Requirement: When writing out the listing below, reproduce every word exactly and skip the pictures.

Dataset extract:
====================

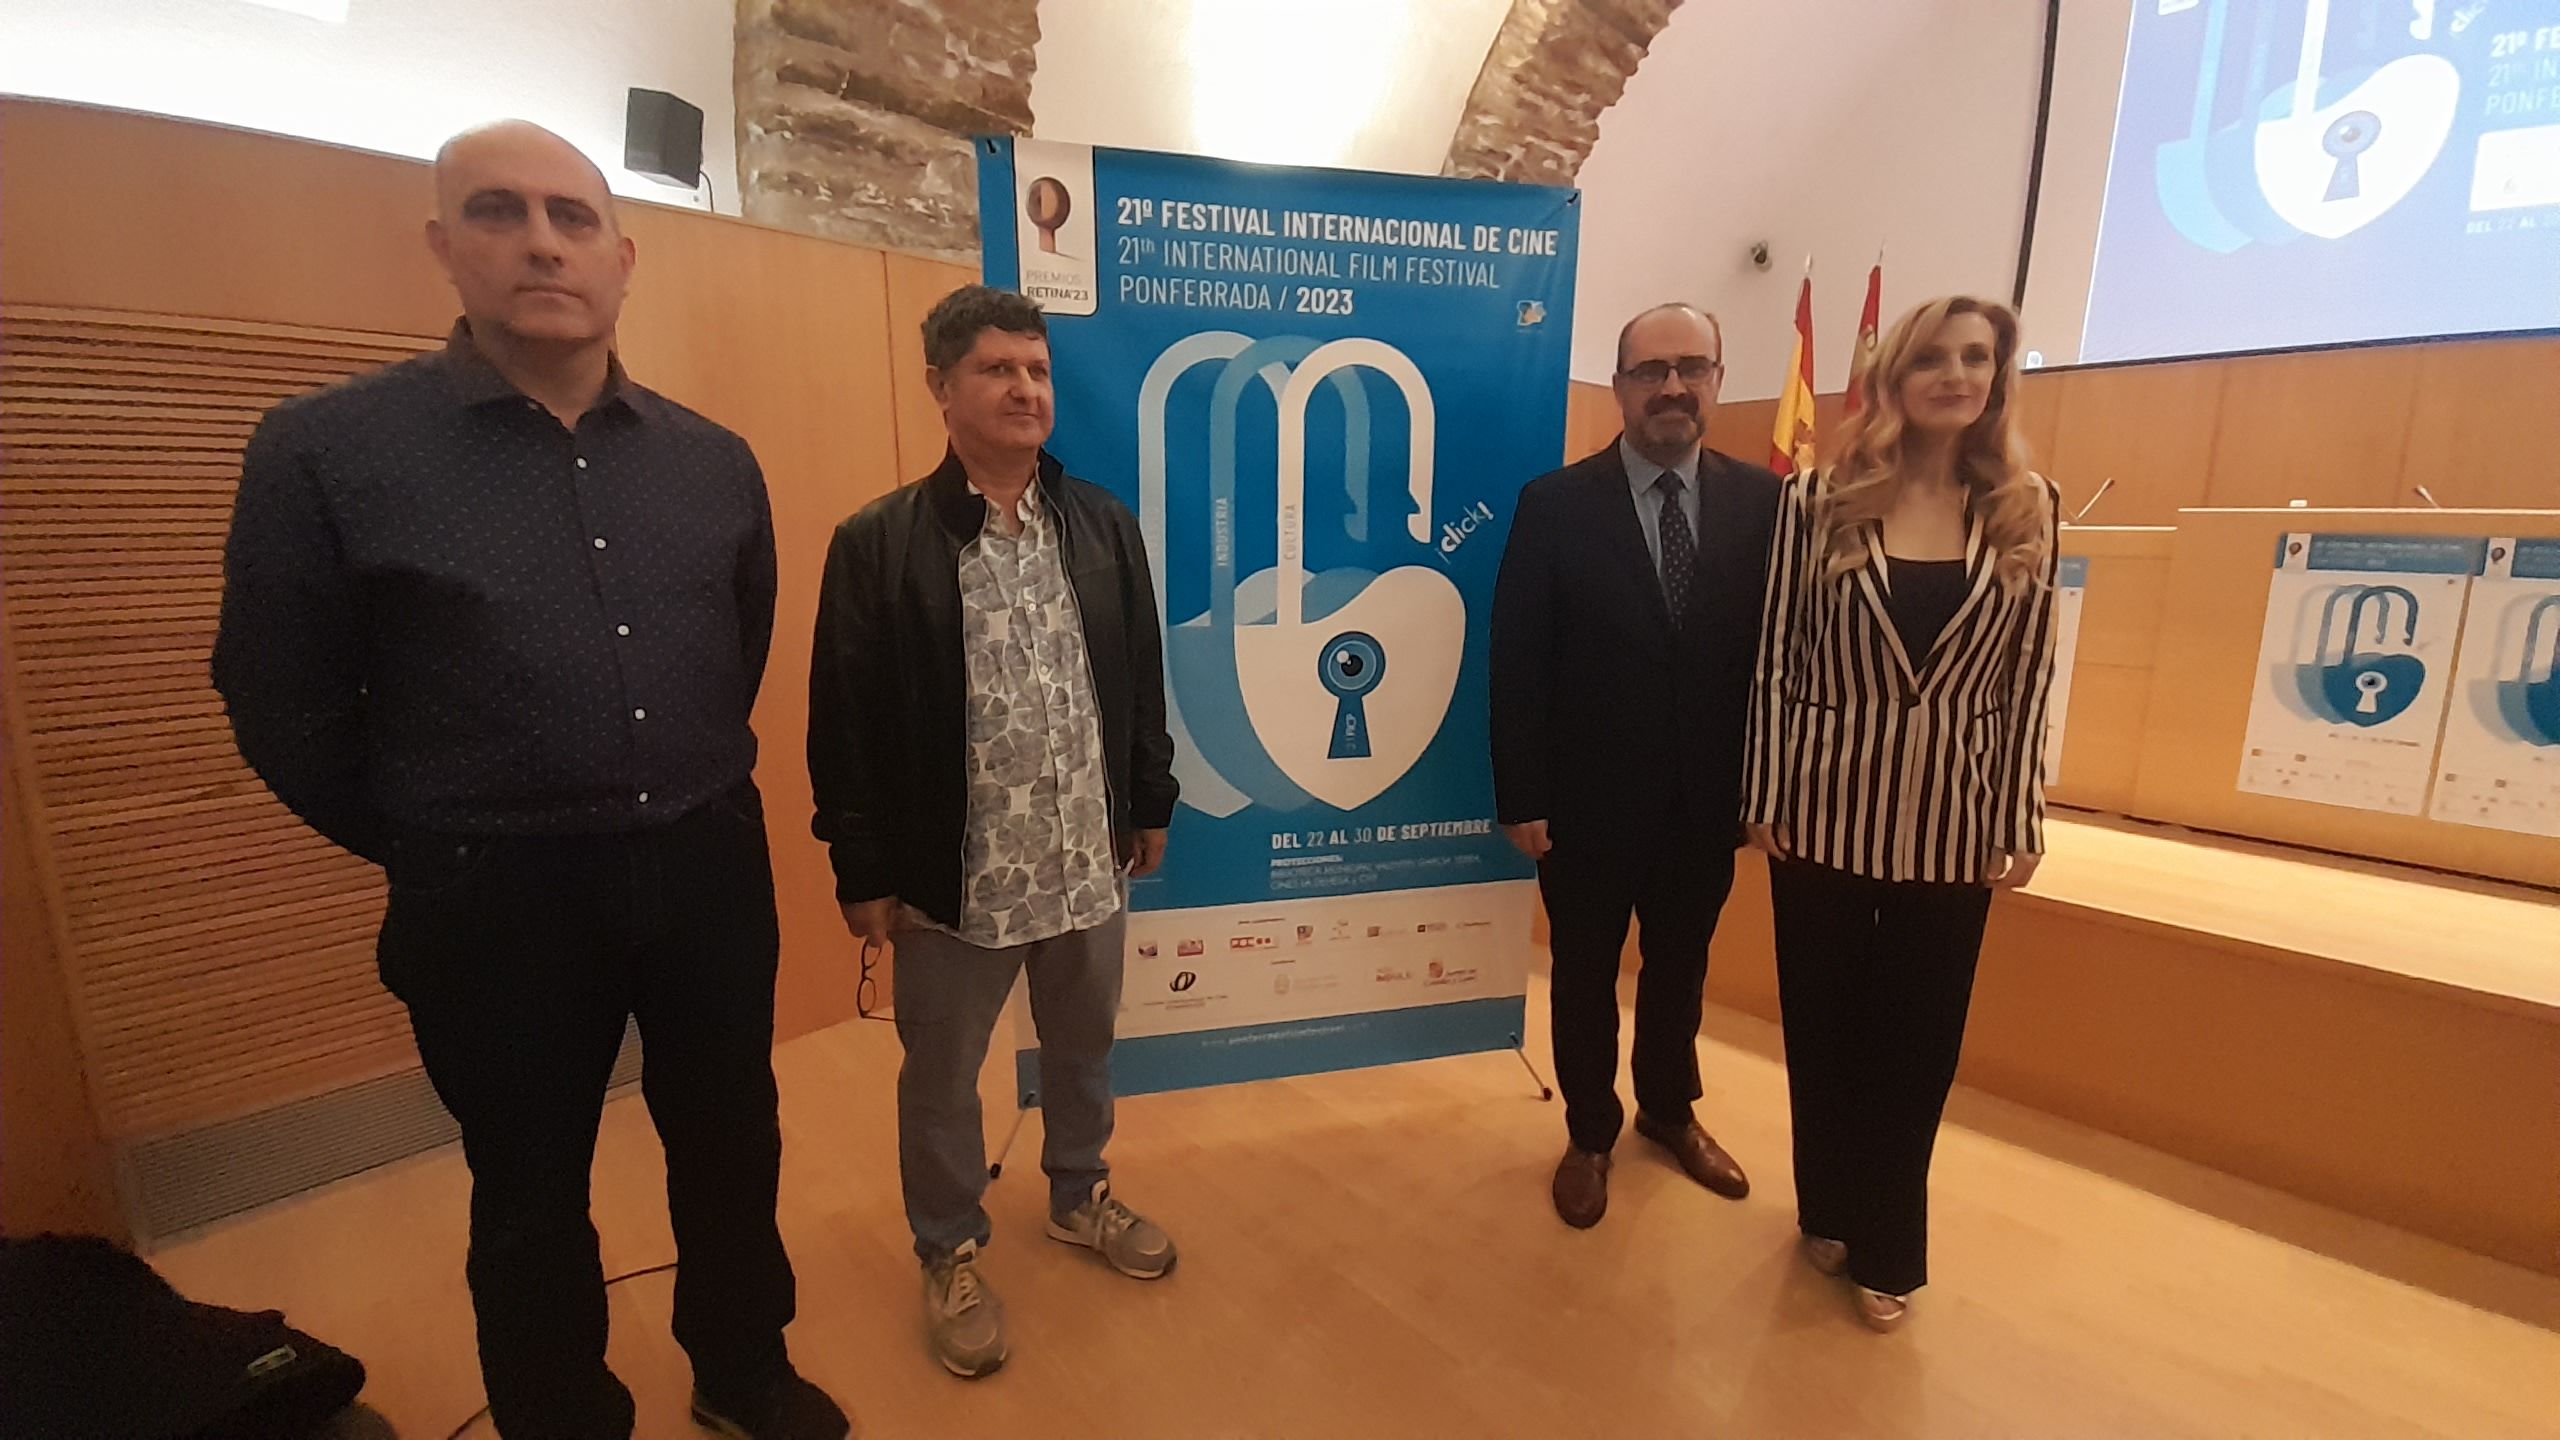 Mar Sancho apadrinó la presentación de la 21 edición del Festival Internacional de Cine en Ponferrada. | MAR IGLESIAS
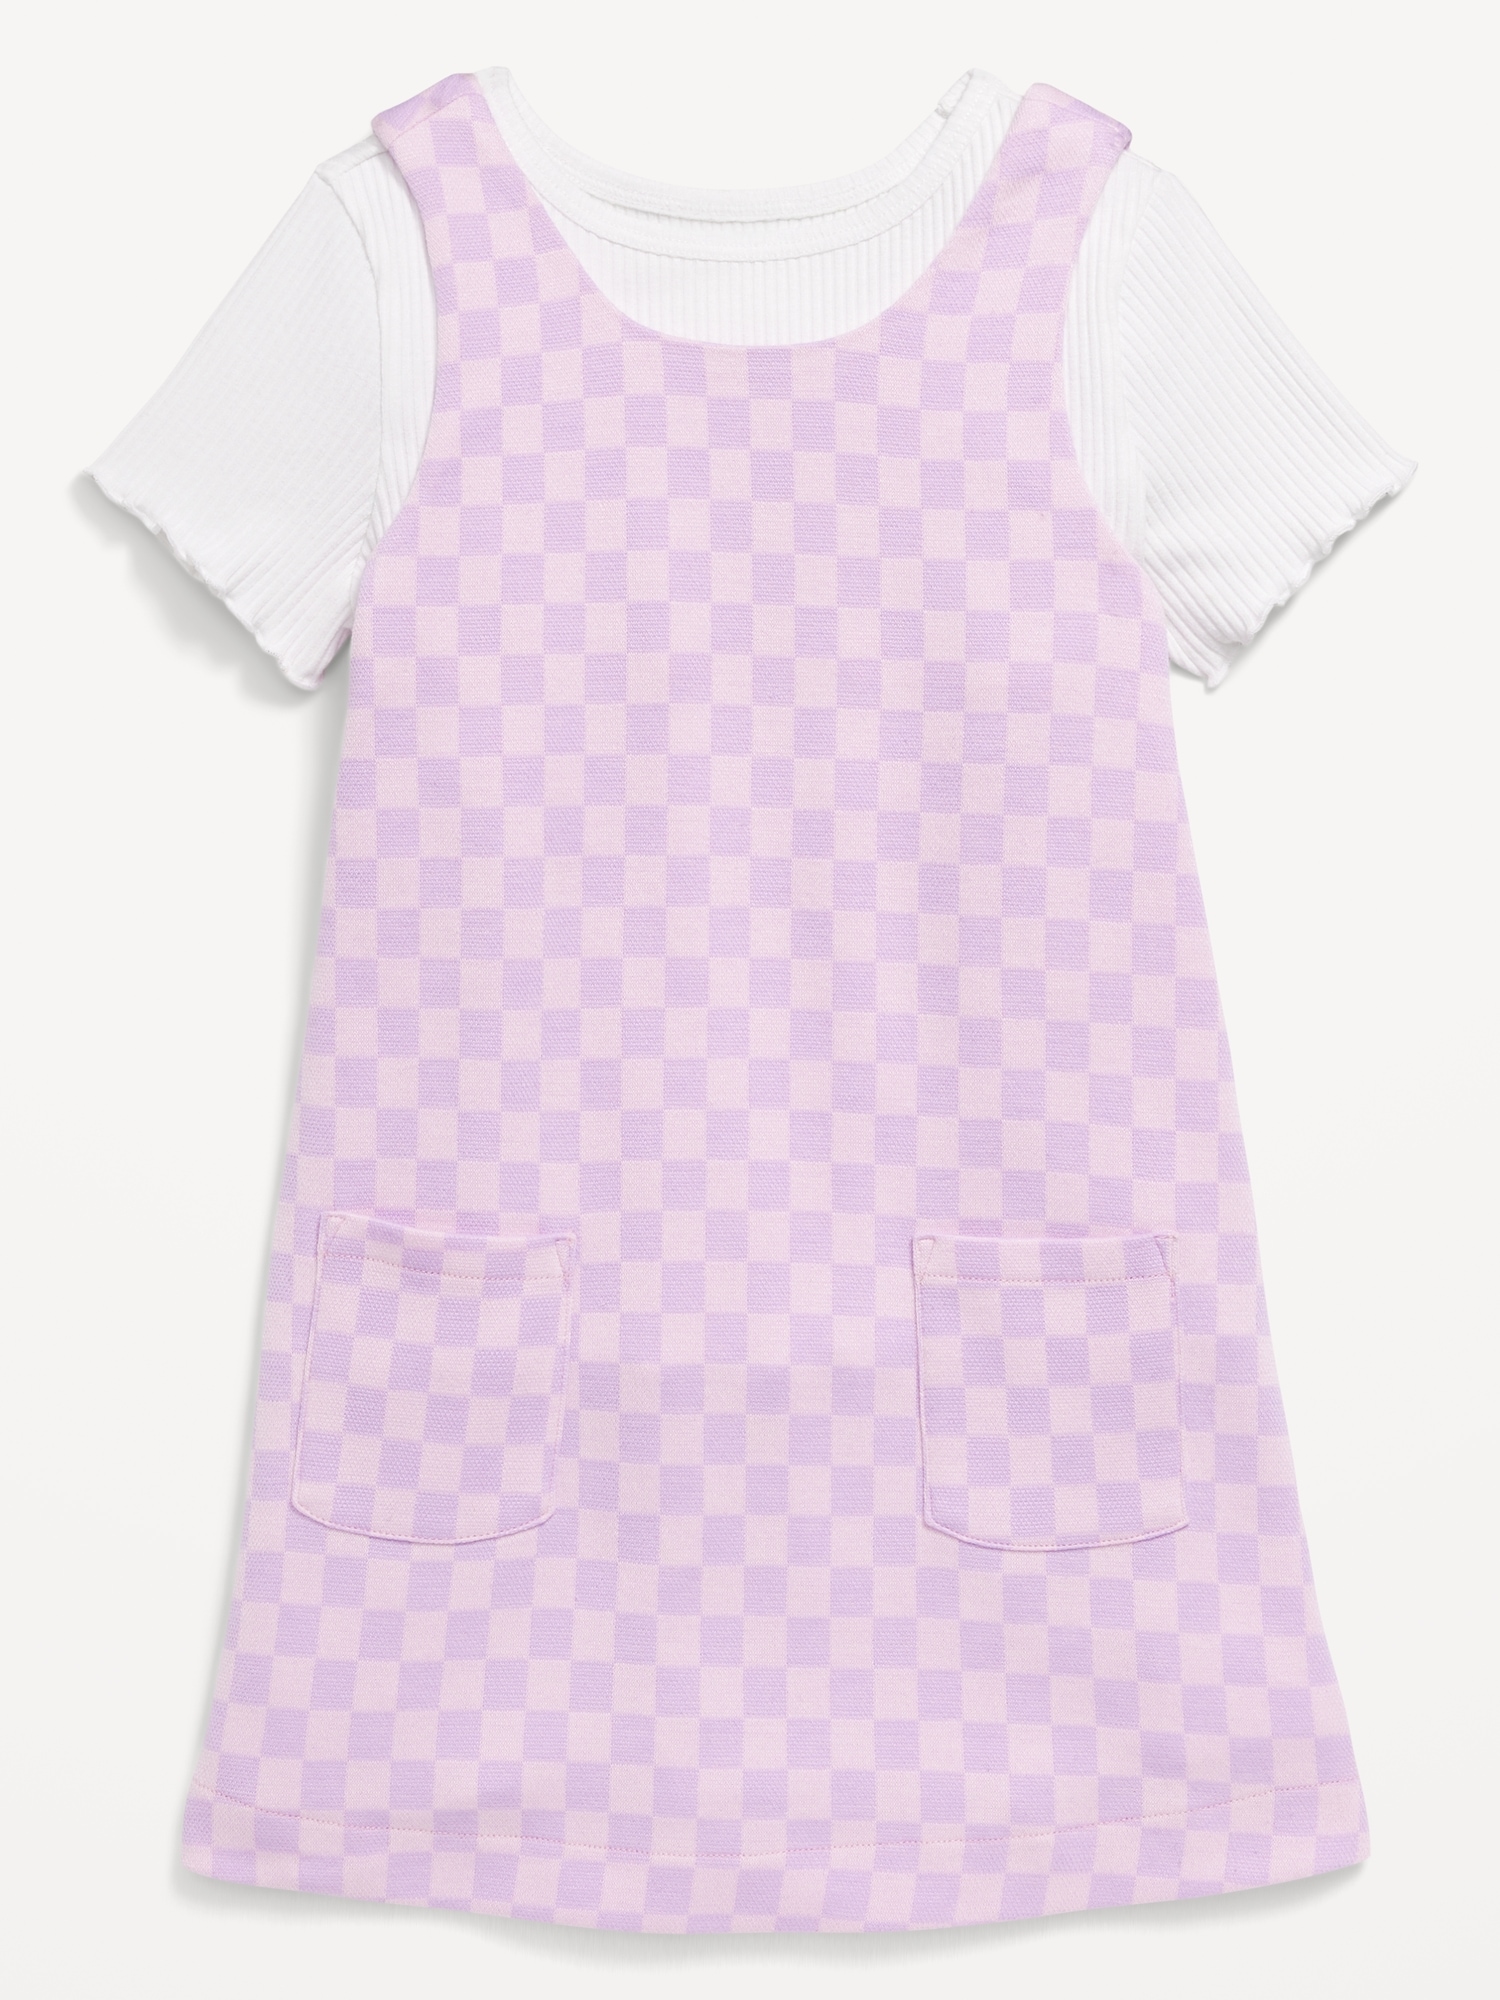 Sleeveless Pocket Dress and T-Shirt Set for Toddler Girls
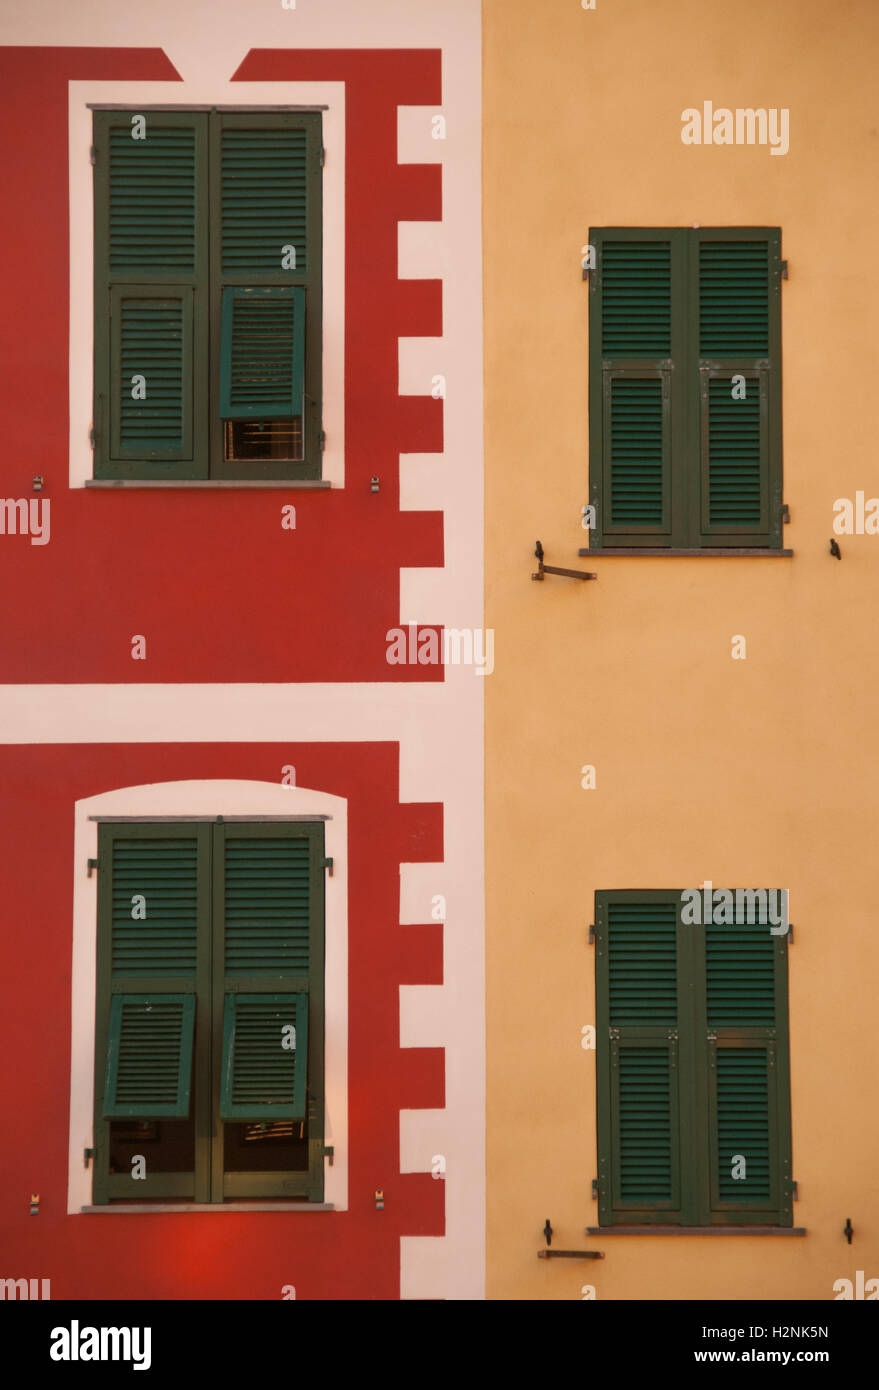 Traditionell gestaltete Fenster, in der Regel gefärbt, diese Buldings gefunden in der Region Cinque Terre Riomaggiore, Liguaria, Italien, Stockfoto

====================

Result of this exercise:
 Mar Sancho apadrinó la presentación de la 21 edición del Festival Internacional de Cine en Ponferrada. | MAR IGLESIAS
 Sleeveless Pocket Dress and T-Shirt Set for Toddler Girls
 Traditionell gestaltete Fenster, in der Regel gefärbt, diese Buldings gefunden in der Region Cinque Terre Riomaggiore, Liguaria, Italien, Stockfoto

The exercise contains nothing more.